Ideal for Emergency Situations: An assets value tends to vanish whenever there is an economic or market crash. However, the value of physical gold usually remains unchanged. Therefore, those who invest in gold can remain safe during times of financial turbulence. Unlike physical gold, ETFs do not provide these advantages, which is why more people choose physical gold.
Total control over your Wealth: When an investor has physical gold, they can decide when to sell it. They are responsible towards their asset and have complete control over it.
How Gold ETFs Work
Every Gold ETF unit represents a gram of gold and its purity is just a little less than 99 percent. Physical gold is kept in vaults belonging to custodian banks and operates as the underlying, which is used by the units to determine value.
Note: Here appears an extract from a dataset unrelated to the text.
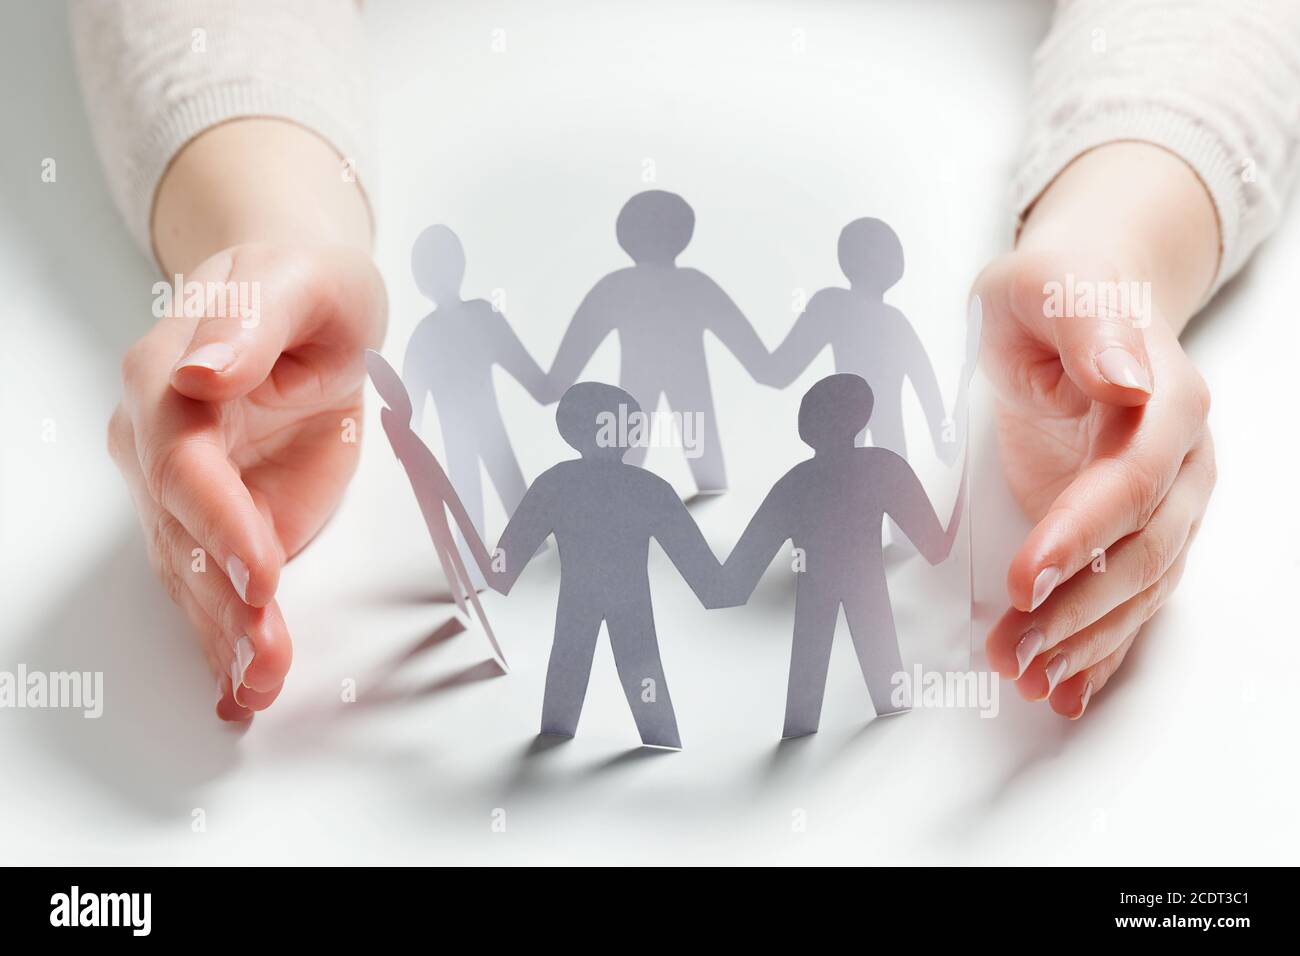 Papier personnes entourées par les mains dans le geste de protection. Concept d'assurance Banque D'Images

For instance, if AMC allots every unit of gold the value of one gram the price of every unit will approximately be the same as rate of one gram of gold. You will come across a wide range of investment funds that allow consumers to perform gold trading in ETFs.
Risks Associated with Gold ETF Investments
Fluctuation: As an investment option, gold has an exceptional history of remaining stable and even growing whenever the economy is not stable. If anything, many investors have been using it for hedging purposes against inflation. However, if the economic scenario of where you live is stable, gold ETF investments may not be ideal.
There is a time Limit: There is a time limit you have to follow when you are performing trades on the stock exchange. This can cause a great deal of difficulty when trading metal electronically. On the other hand, you don’t have to worry about any time limit when trading physical gold.
Expense ratio fee: The AMC charges this fee and adds it to the cost of purchase for making sure the fund functions smoothly. This ratio includes charges for the payments that cover employee salaries, record retention and various other allocated expenses. Such costs are not associated with direct equity investments and physical gold.